Patient Advocate Perspective

The approaches of personalized medicine in neoadjuvant setting could raise several ethical concerns (24–26). The measures of adequately implementing informed consent for biomarker studies should be discussed as well as issues of confidentiality, data protection, and the individuals’ right to know/not to know. Furthermore, when looking at the clinical usage of molecular test–based measures, concerns are expressed that predictive test results may influence individual well-being negatively, increase individual responsibility for one’s health, or lead to (genetic) discrimination of persons with predispositions for certain diseases. Moreover, it could be possible that establishing small patient subgroups may lead to insufficient drug testing before their application and, thus, may result in higher risks for patients when used in a larger setting or indication. Successively, it is argued that molecular test–based measures may lead to significant costs increases and thus result in an additional financial burden for health-care systems.
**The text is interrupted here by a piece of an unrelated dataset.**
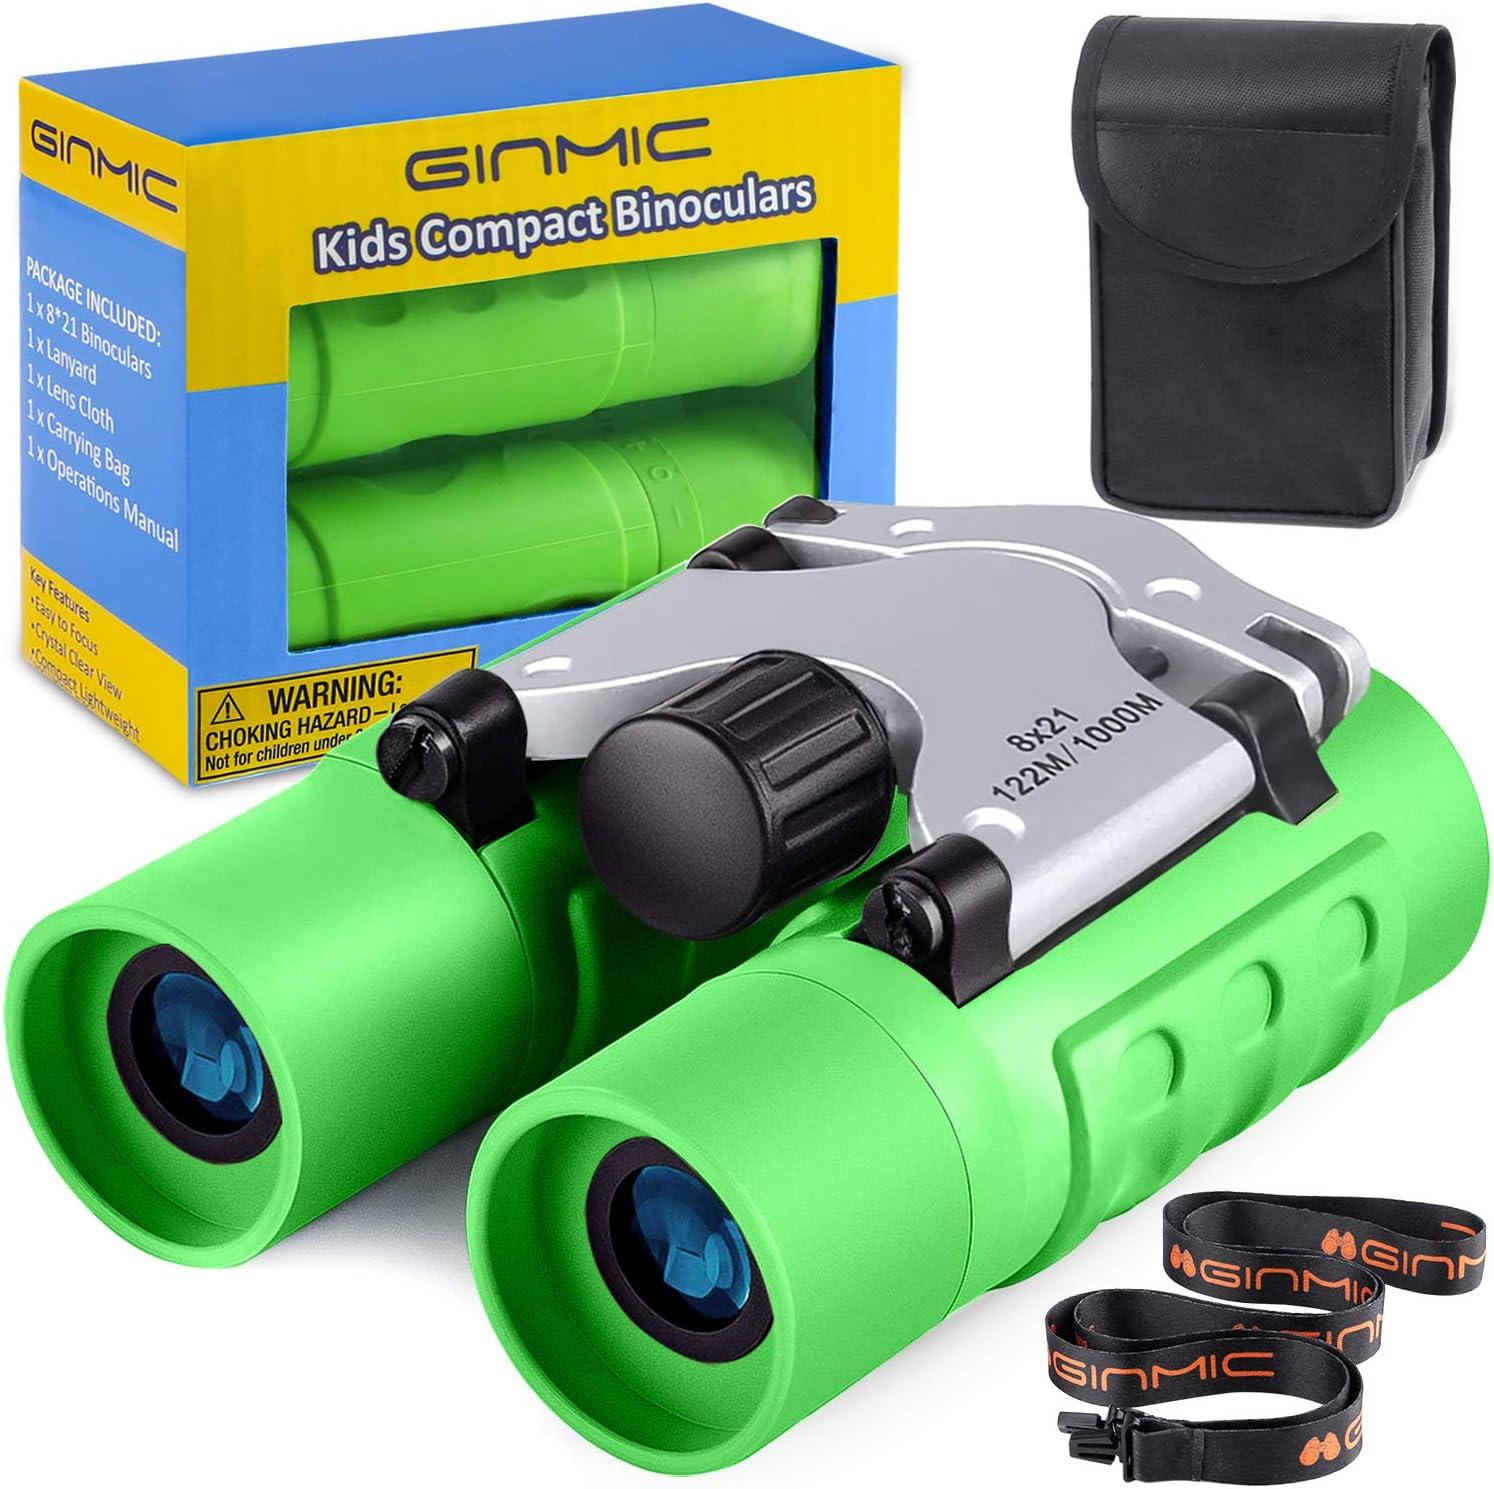 Binoculars for Kids 8 Outlet SALE x 21 5% OFF Compact Real Optics Mini Binocu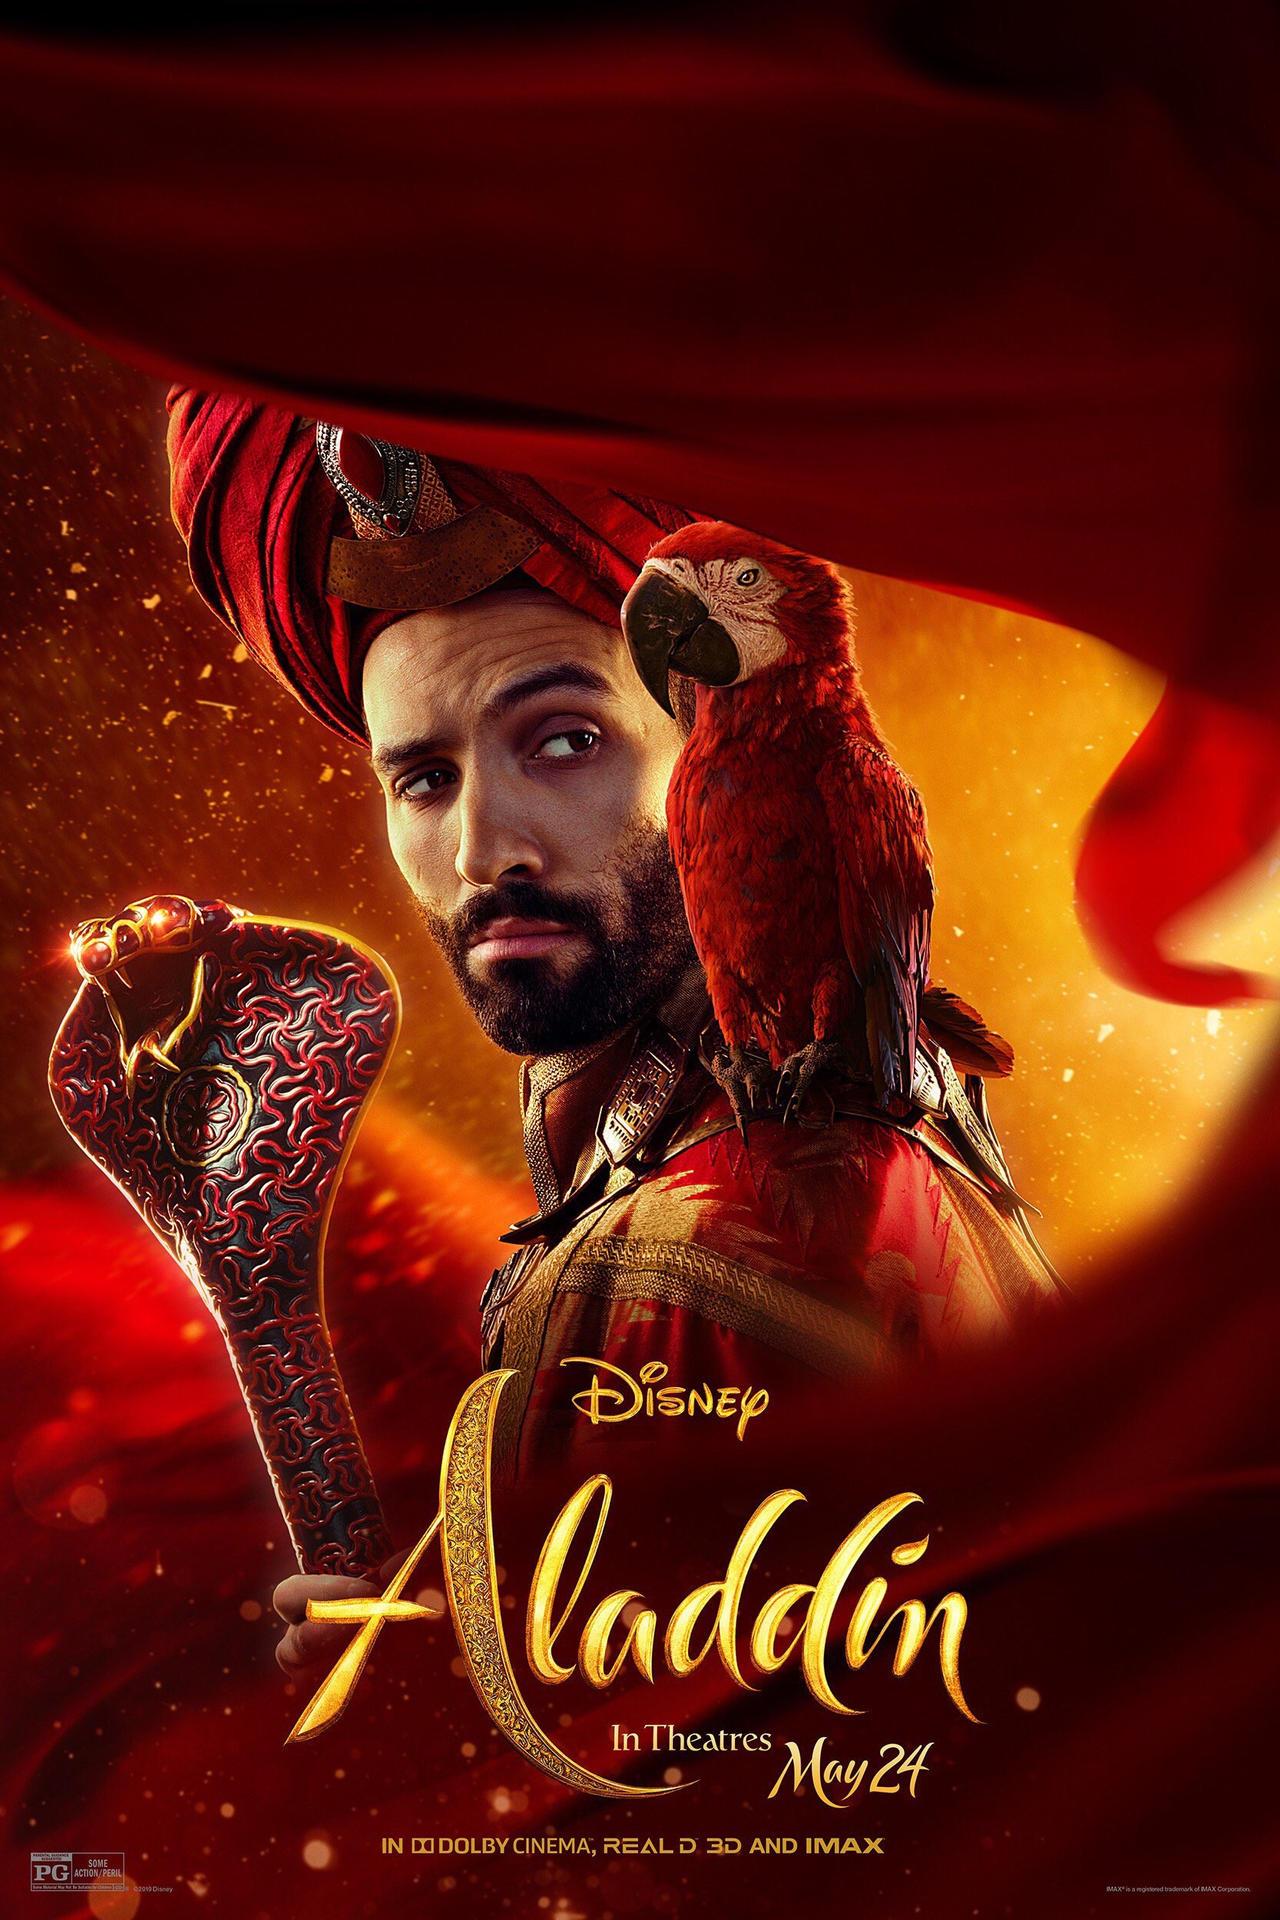 Disneys aladdin 2019 jafar poster by artlover67 on deviantart - Aladdin 2019 poster ...

This could further exacerbate problems of equal access to health-care services. Finally, even the neoadjuvant setting is a good model to test the interaction in vivo between the tumor, its microenvironment, and the administered drug, helping oncologists to a better understanding of tumor behaviors; we do not need to forget that the patient is curable and must not be used to test new therapeutic strategies without a strong rationale. Thus, fully, clearly informed consent of patients about their prognosis, known risks and benefits of standard therapy, and risks and benefits of participating in a trial of investigational therapy is absolutely mandatory. We also need to take into account that in these new trials based on new drugs focused on molecular markers, all the procedures should be well-described in the informed consent form and they should follow proper standard operating procedures, recognized worldwide. Further, new clinical trial designs to identify and validate biomarkers and targeted therapeutics require education of regulatory committees in institutions to ensure that effective approaches reach patients efficiently without compromising their safety. The ethical concerns for biomarker and/or new drug-related studies should take confidential protection of data into consideration (27).

Conclusion

A systems-biology approach to apply new high-throughput technologies will be required to efficiently fulfill the promise of personalized molecular medicine, along with new clinical trial designs which are needed to rapidly evaluate the hundreds of targeted therapies and potential biomarkers that are under preclinical evaluation. In this scenario, the neoadjuvant setting is the proper approach able to provide a unique opportunity to speed drug development by enabling in vivo examination of tumor response and proximate outcomes, including pathological response and relapse in high-risk patients. However, to accelerate drug development in this setting, new approaches and ethical procedures are needed to assure the safety and well-being of potentially curable patients. Given the recent US Food and Drug Administration guidance outlining a path to regulatory approval for agents screened and active in the neoadjuvant setting, these issues will require close attention as more patients enter such kinds trials with the use of new drugs and biomarker discovery.